Secondhand asbestos suit sent back to Madison County

Garman

SPRINGFIELD, Ill. (Legal Newsline) - The Illinois Supreme Court has remanded a secondhand asbestos exposure case to Madison County to decide whether CSX Transportation had a duty of care to a railroad worker's wife who suffered from mesothelioma.

In a 4-2 split decision where conservative justices sided with the injured plaintiff and liberal justices sided with the accused business, the high court upheld the Fifth District which had reversed former Madison County Circuit Judge Daniel Stack's decision to dismiss Annette Simpkins' lawsuit, for different reasons involving duty.

Justice Rita Garman, for the majority, wrote that the court cannot assess the existence of a duty without further facts.

"Because foreseeability is such an integral factor to the existence of duty and because the weight to be accorded to that foreseeability (as well as to the other factors) depends on the particular circumstances of the case, without more detailed pleadings we cannot determine whether, if all well-pled facts are taken as true, a duty of care ran from defendant to plaintiff in this case," Garman wrote.

"Defendant has argued that plaintiff's complaint is insufficient because it relies on the 'conclusory allegation' that defendant 'knew or should have known' of the dangers of secondhand asbestos exposure.

"Defendant is correct. Plaintiff has failed to allege facts specific enough to analyze whether, if those facts were proven true, defendant would have been able to reasonably foresee plaintiff's injury. However, defendant has made this argument for the first time in its briefs to this court."

Dissenting Justices Charles Freeman and Anne Burke, who normally side with injury victims, wrote that remand was not appropriate in this case.
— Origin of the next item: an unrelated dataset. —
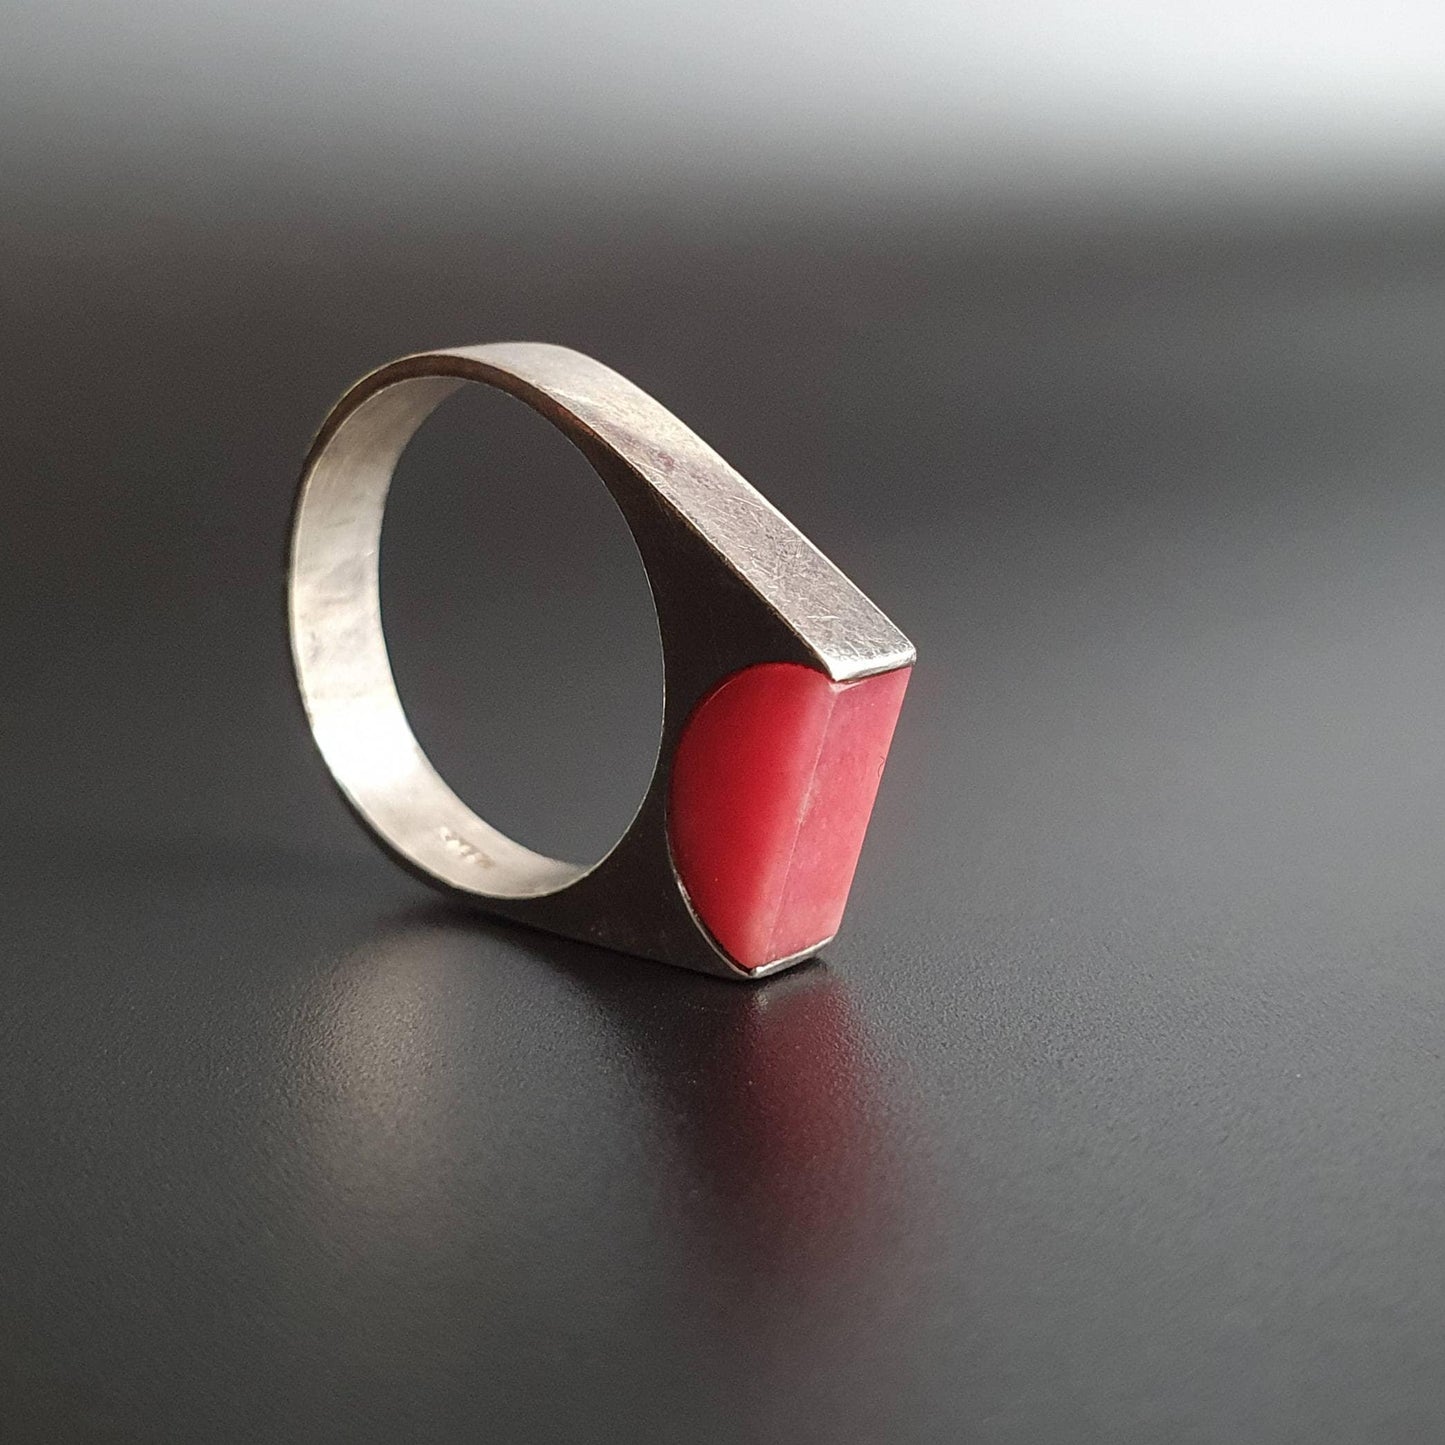 Statement ring, chunky ring, coral gemstone, silver jewellery, gift's, vintage, handmade, unique jewelry, sterling silver ring, designer

They wrote that on the question of reasonable foreseeability, the plaintiff established that her father and husband worked at places where they were exposed to asbestos.

"It is difficult to understand what more facts need be alleged here, particularly because it is generally accepted that the first medical studies of bystander exposure were not published until 1965," Freeman wrote. "Based on this, courts have concluded that foreseeability could not be established as a matter of law."

"...(T)here is nothing that plaintiff could allege with respect to her father's employment (from 1931 until 1954) or even her former husband's employment from 1951 until 1964 or 1965 that would assist the court further in assessing the 'foreseeability of the harm' prong to the duty question. In short, remanding this case for further opportunity to amend would accomplish little to aid in answering the question whether defendant owed plaintiff any duty at all."

CSX Transportation had sought to reverse the Fifth District which held that the railroad should have warned the late Annette Simpkins about hazards her late husband Ronald Simpkins brought home.

Ronald Simpkins worked for B&O Railroad from 1958 to 1964.

He and Annette divorced in 1965.

In 2007, she sued CSX and 72 other companies in Madison County.

She blamed CSX for "take home" exposure, as successor to B&O.

CSX moved to dismiss, denying it owed any duty to warn families of employees.

Annette Simpkins died three months after suing, and Stack substituted daughter Cynthia as plaintiff.

Attorney John Simmons of Alton leads Simpkins's legal team.

CSX argued that only appellate courts or legislatures can create new causes of action.

Kurt Reitz of Thompson and Coburn in Belleville is lead counsel for CSX.

Stack dismissed the case and said, "It sounds like a great argument for the Supreme Court."

Fifth District judges in Mount Vernon reversed Stack in 2010, finding B&O should have foreseen a risk to Annette while Ronald worked for the railroad.